Despite the good money and independence, I was miserable. A salesperson was just not a career path I had envisioned. As luck would have it, a former graduate school colleague and current housemate got wind of a job with The Nature Conservancy in Tucson. Though I was rejected for the first position for which I applied, I was hired a few months later as Public Lands Protection Planner. The position was designed to work with the Forest Service and the Bureau of Land Management to protect areas of high biodiversity through administrative special management designation.
The job was ideal. Not only did I get to work with one of the premier conservation nonprofits, but my job was also a mix of field biology and advocacy. This was 1985, and when I was hired, there were three employees in the state office in Tucson (behind the old Bookmans on Tucson and Broadway), and four-plus employees on the nature preserves. Over the next twenty years, the organization in Arizona and internationally grew phenomenally, and I was there for the ride.
I soon had a number of career opportunities that pushed me further into an advocacy role as Director of Land and Water Protection, which included Government Relations, and put me front and center negotiating real estate transactions on behalf of biodiversity.
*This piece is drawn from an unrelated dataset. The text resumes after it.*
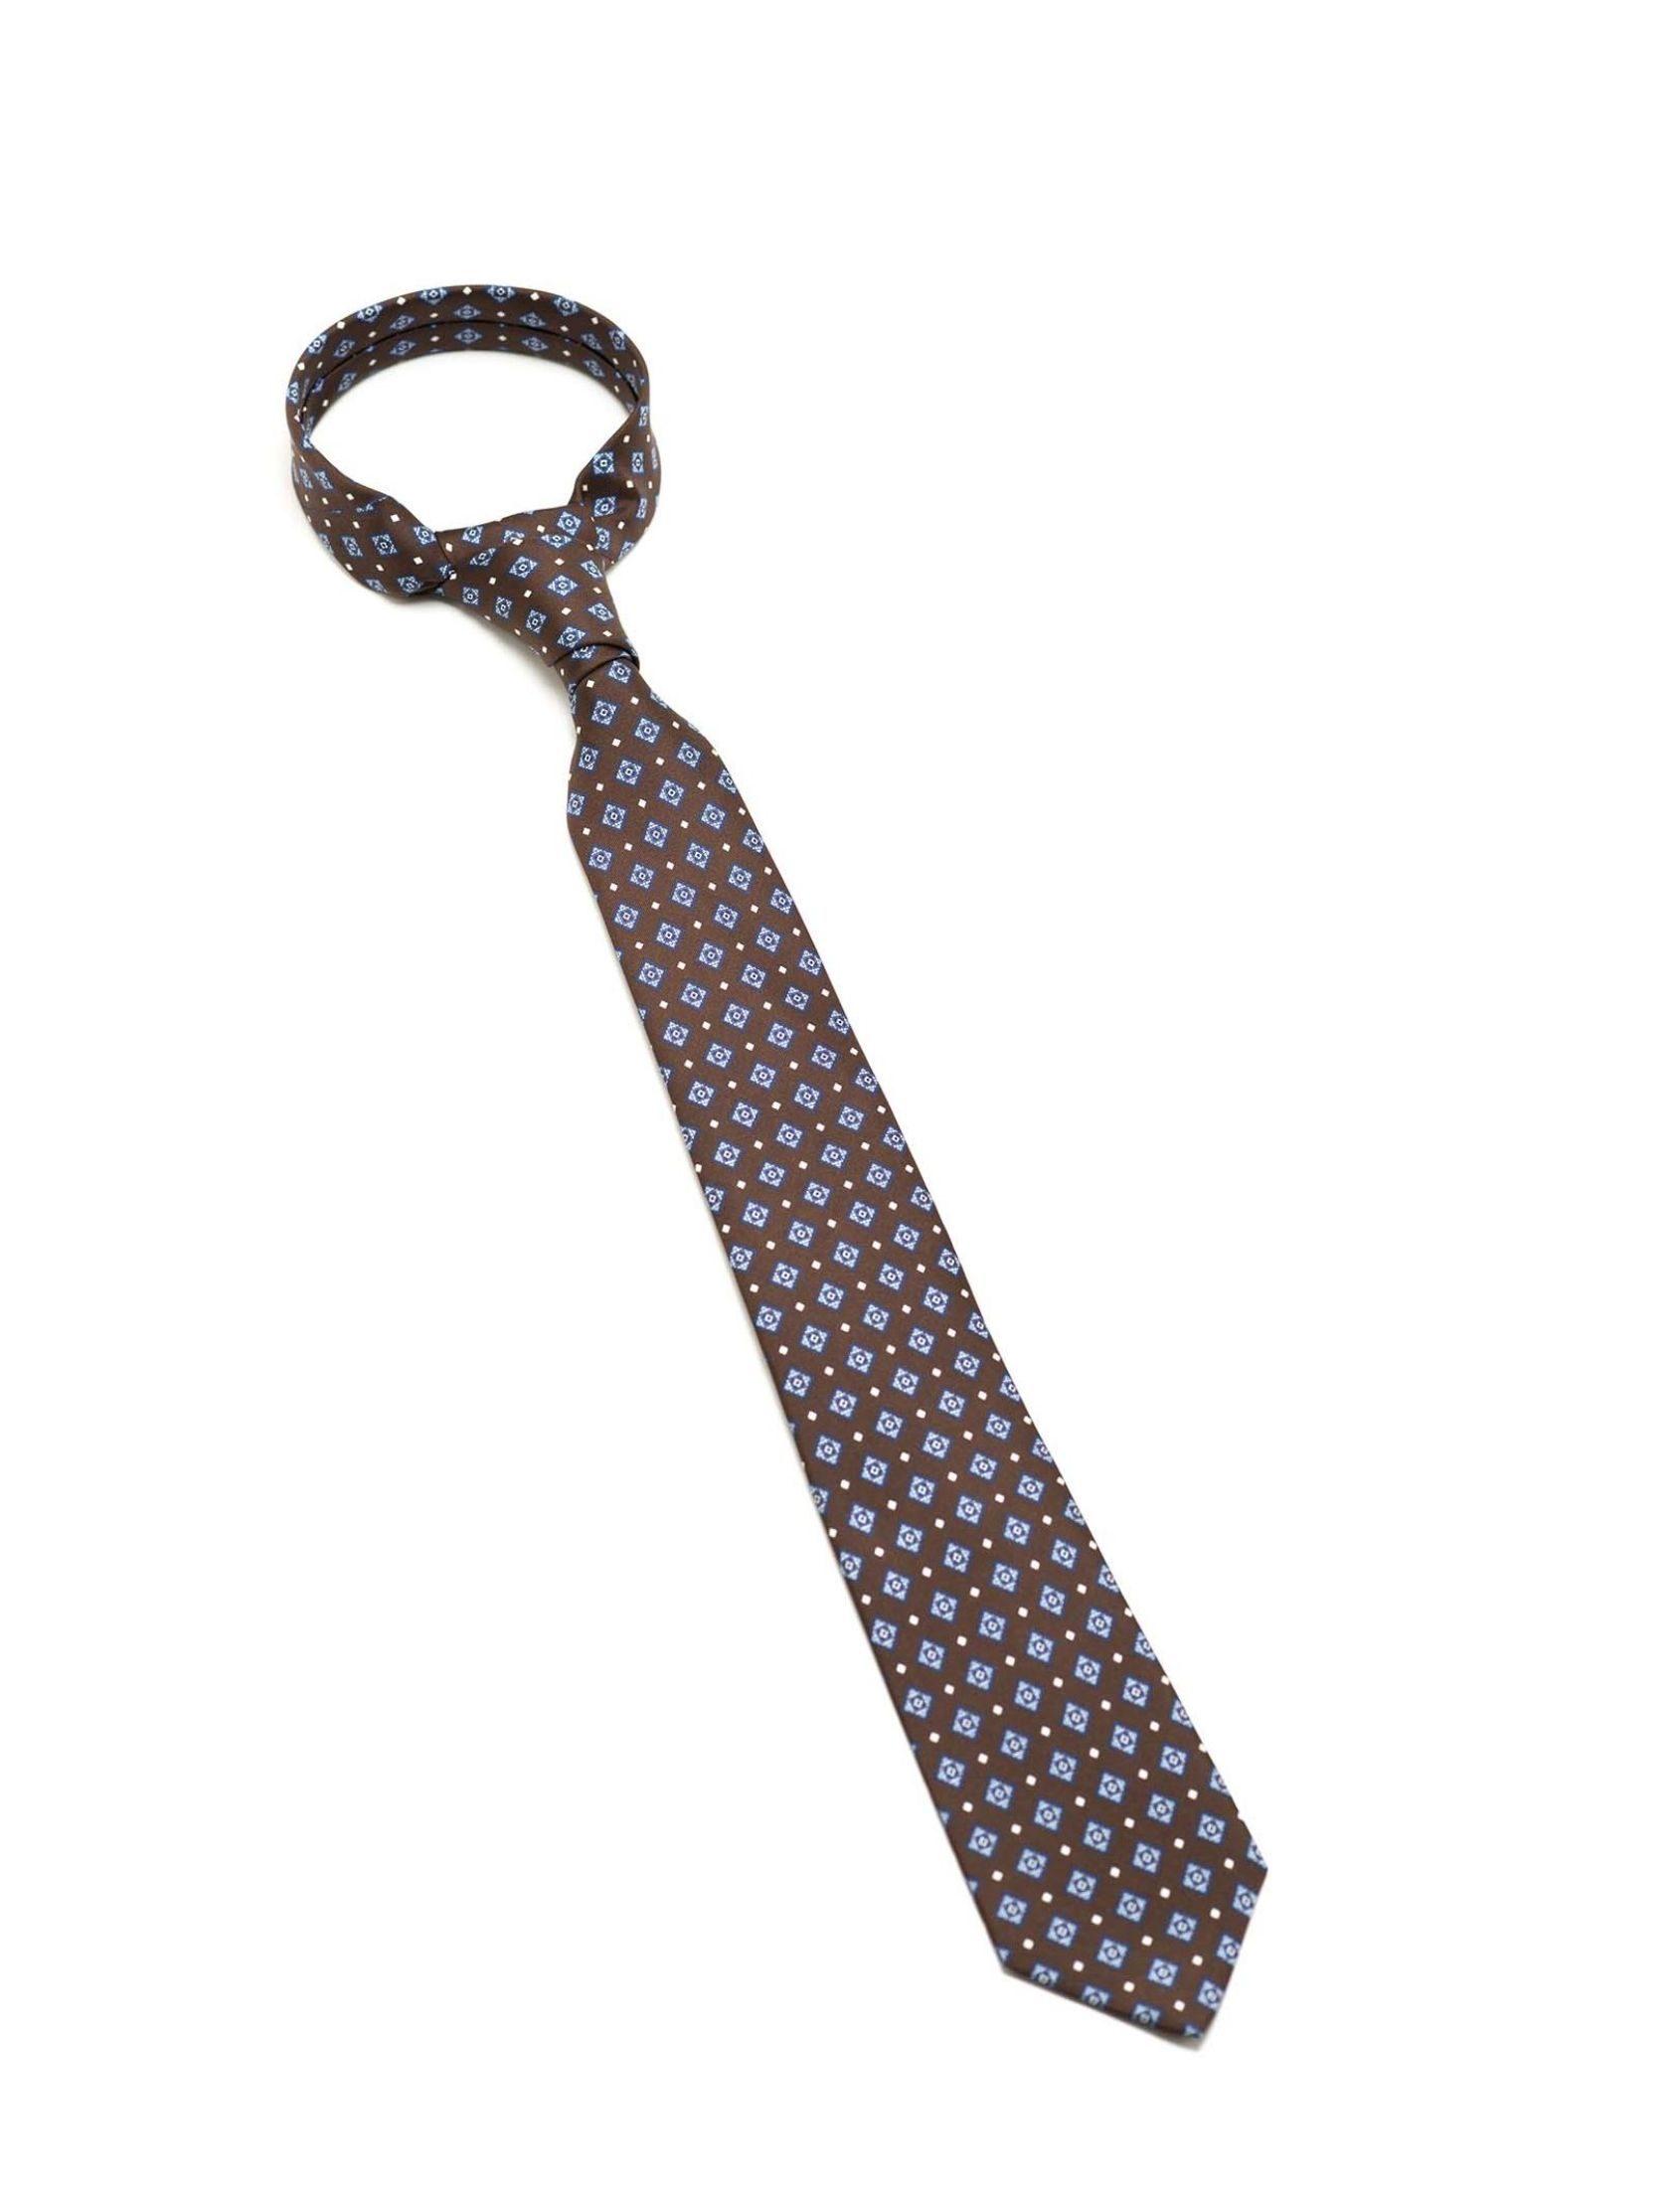 Corbata hombre en tono marrón con estampado mini geométrico en tonos azul y blanco

With the reputation of The Nature Conservancy and a dedicated and skilled staff, I was part of a number of successful projects that helped protect thousands of acres of land in Arizona and raise millions of dollars in public funding. The tangible and direct sense of accomplishment that comes from buying land for preservation purposes or securing a legislative or administrative designation in support of preservation simply cannot be beat.
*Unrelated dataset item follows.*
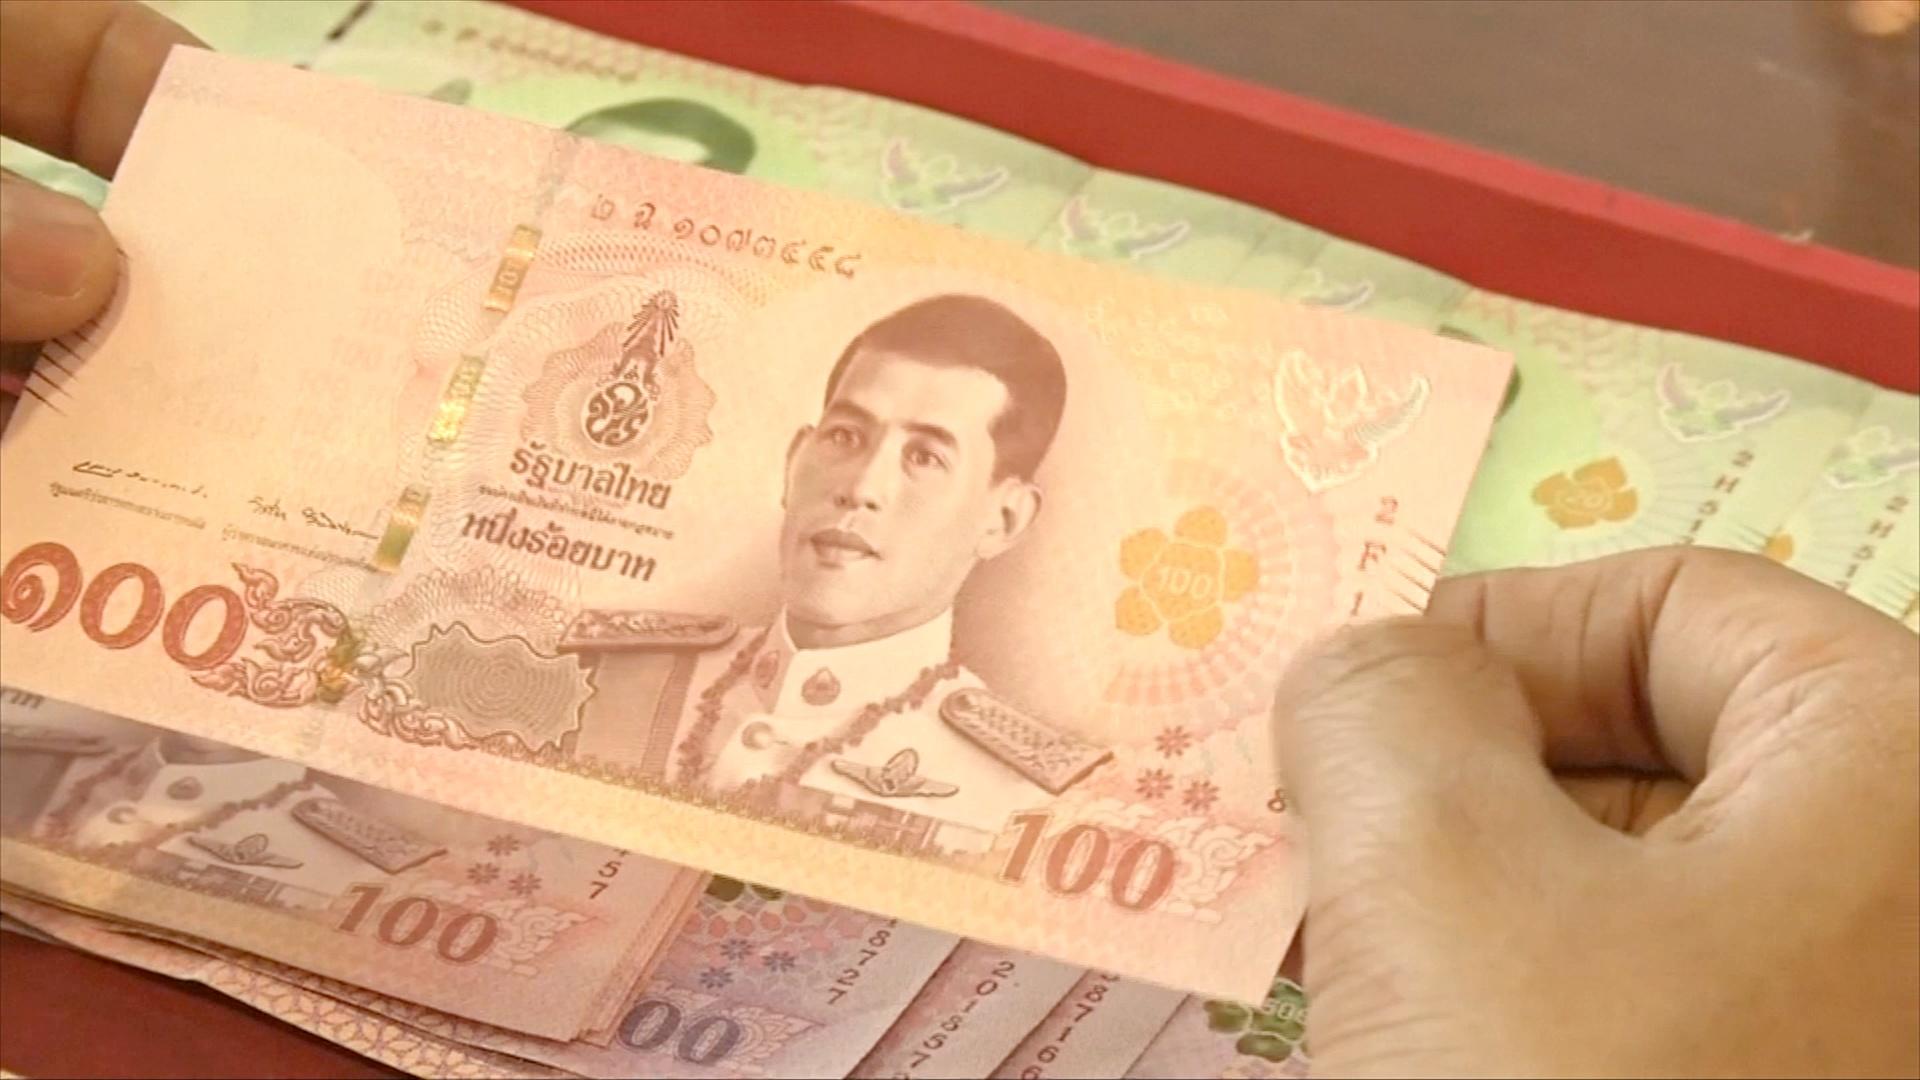 Тайский коллекционер собирает новые банкноты и ждёт коронации

I met Bill Doelle in the mid-1990s, when he came to our office to talk about what the Center for Desert Archaeology (now Archaeology Southwest) was learning about archaeology along the San Pedro River. At the time, The Nature Conservancy had launched a major conservation initiative focused on the San Pedro watershed, and we were pleasantly surprised to learn that the archaeology there was of equal significance to the ecology. Little did I know that more than a decade later, I would be working for Bill.
Fast forward to 2008, six years after leaving The Nature Conservancy. Out of the blue, I received an email from Linda Pierce asking if I knew anyone who might be interested in a Field Representative position at Archaeology Southwest. I immediately realized that this would be doing some of the fun stuff I had done at The Nature Conservancy, but focused on archaeology. Wow! I knew someone: ME!
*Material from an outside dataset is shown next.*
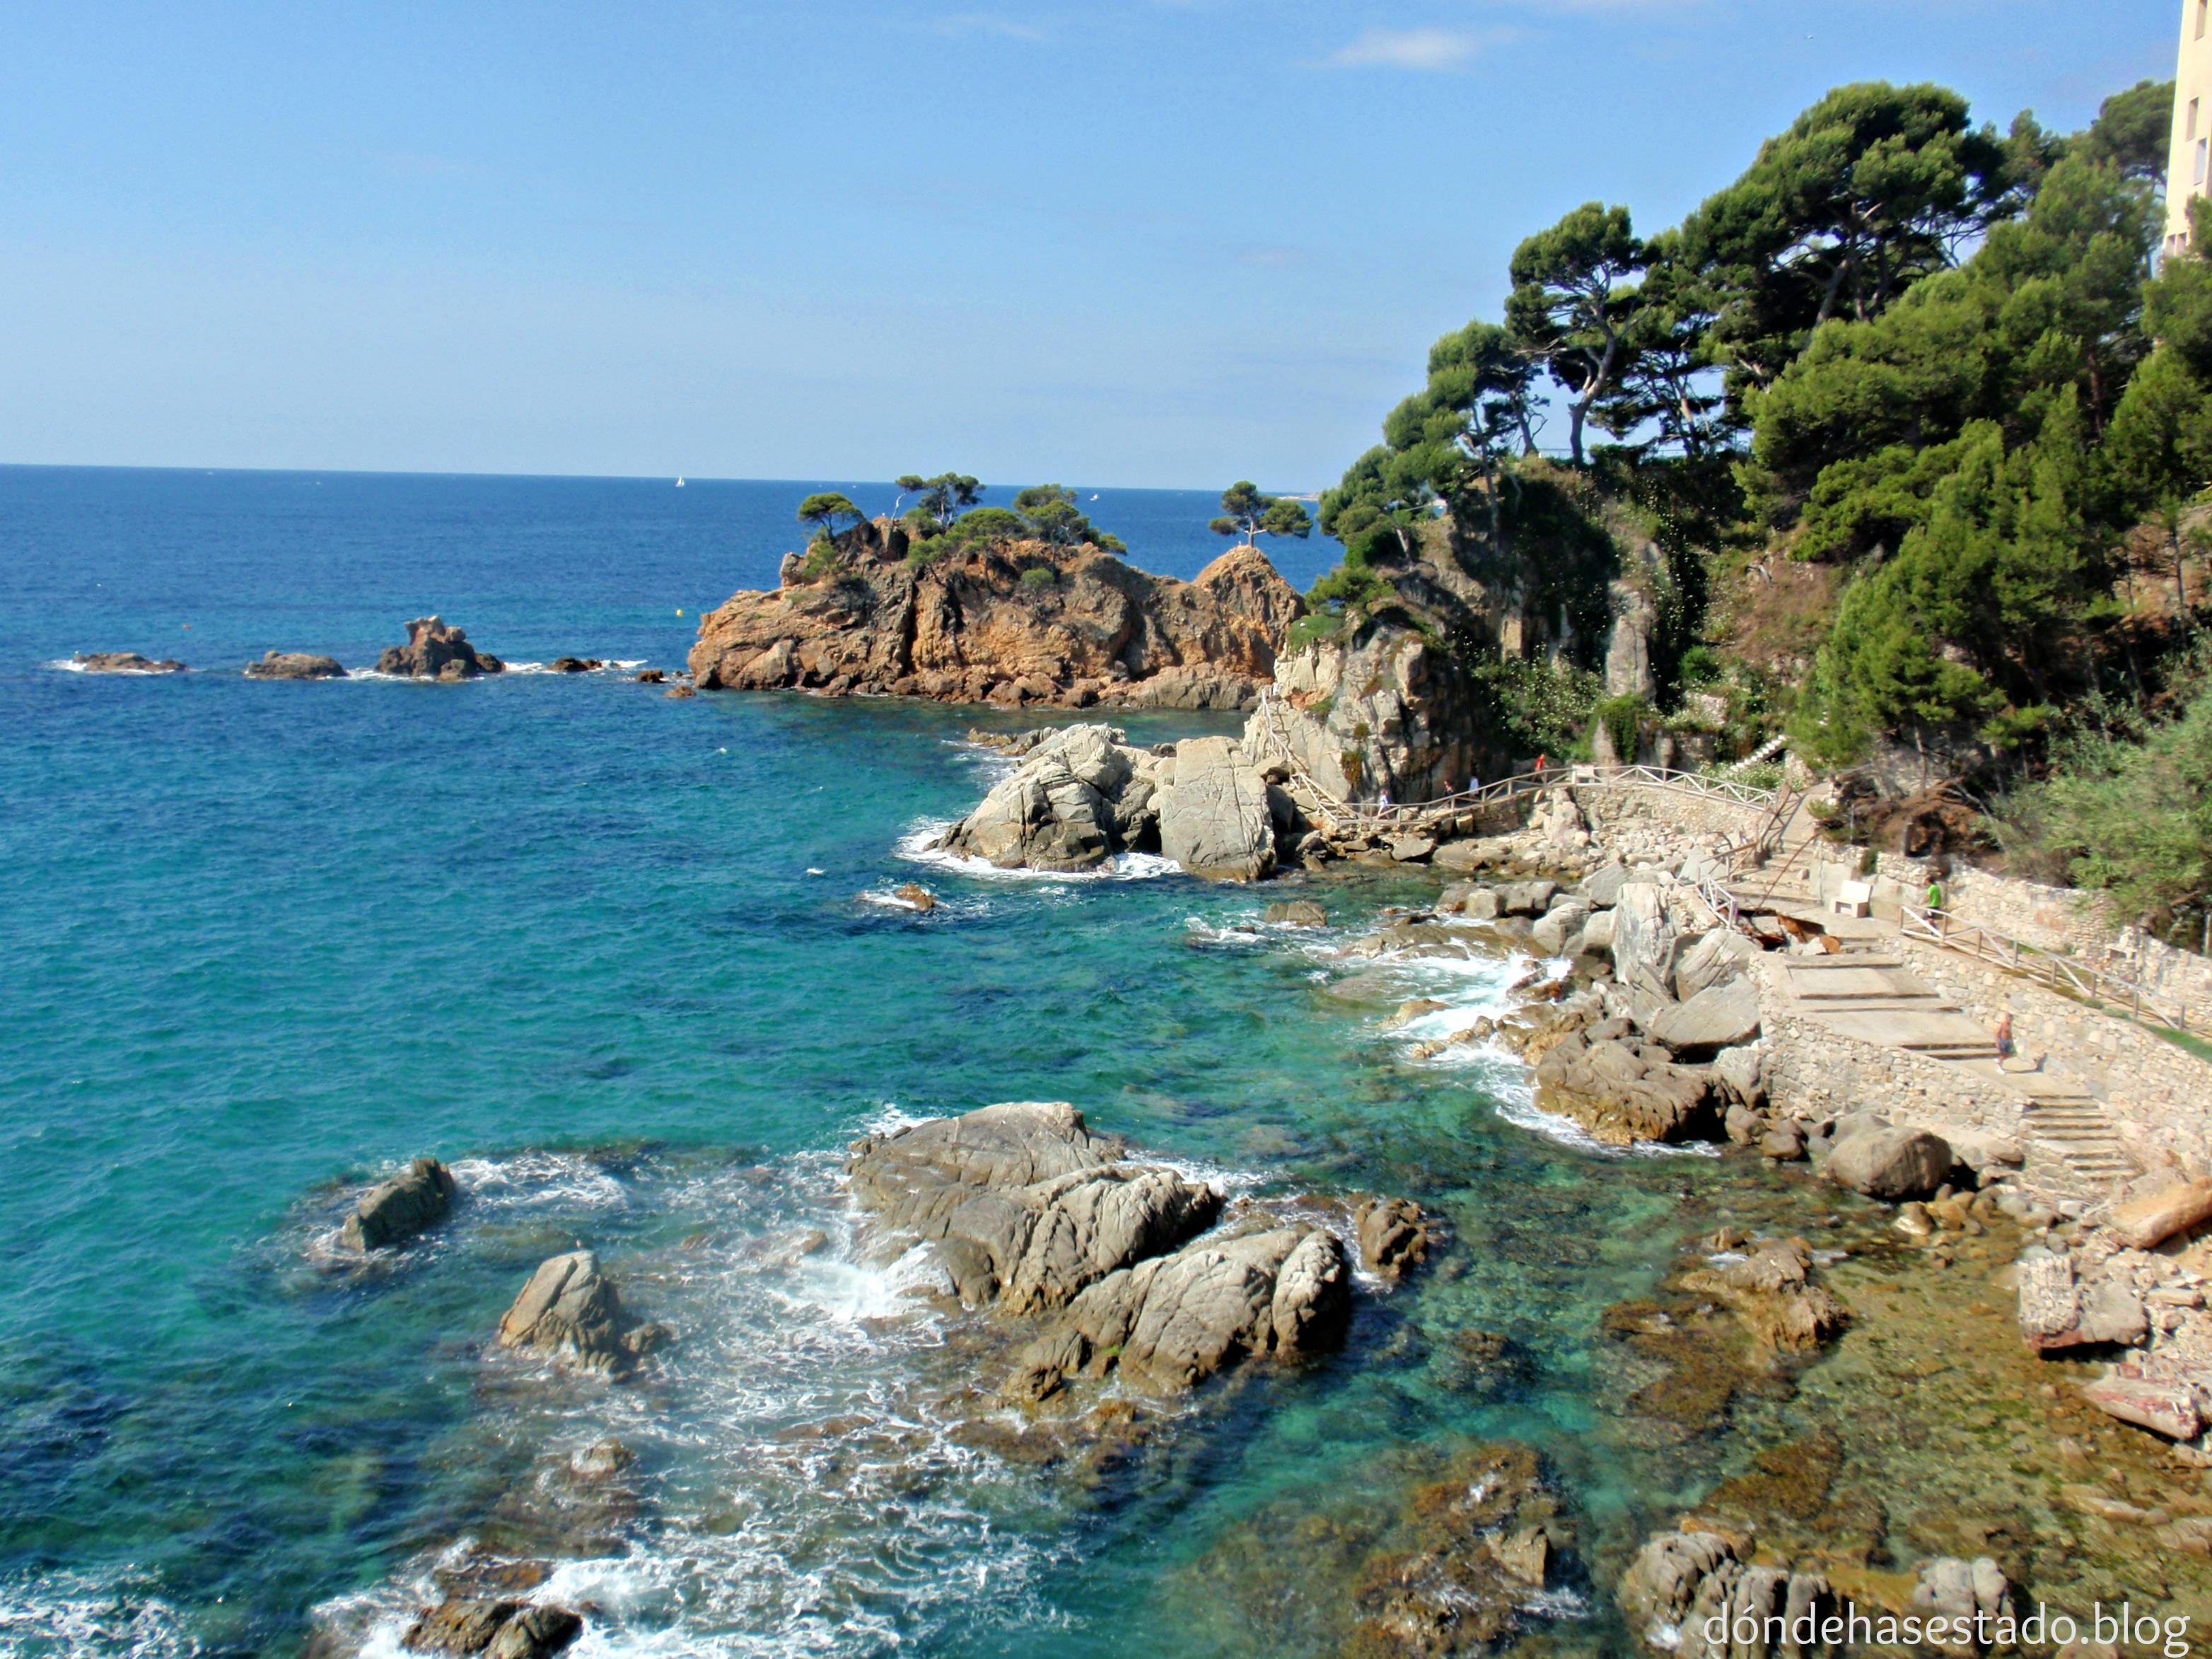 Playa Port d'Alguer

So here I sit, seven years later, working to protect archaeological features and landscapes. All the while developing greater familiarity with the breadth of our shared past. I take pride in assisting with the protection of several important parcels with significant archaeology, helping to raise the profile of an important cultural landscape along the lower Gila River, and promoting planning activities that will provide more complete consideration of archaeological resources at earlier stages in the planning process.
Andy speaks for us all with that quote from Walt Whitman. This concludes our series for International Archaeology Day. Thank you for reading!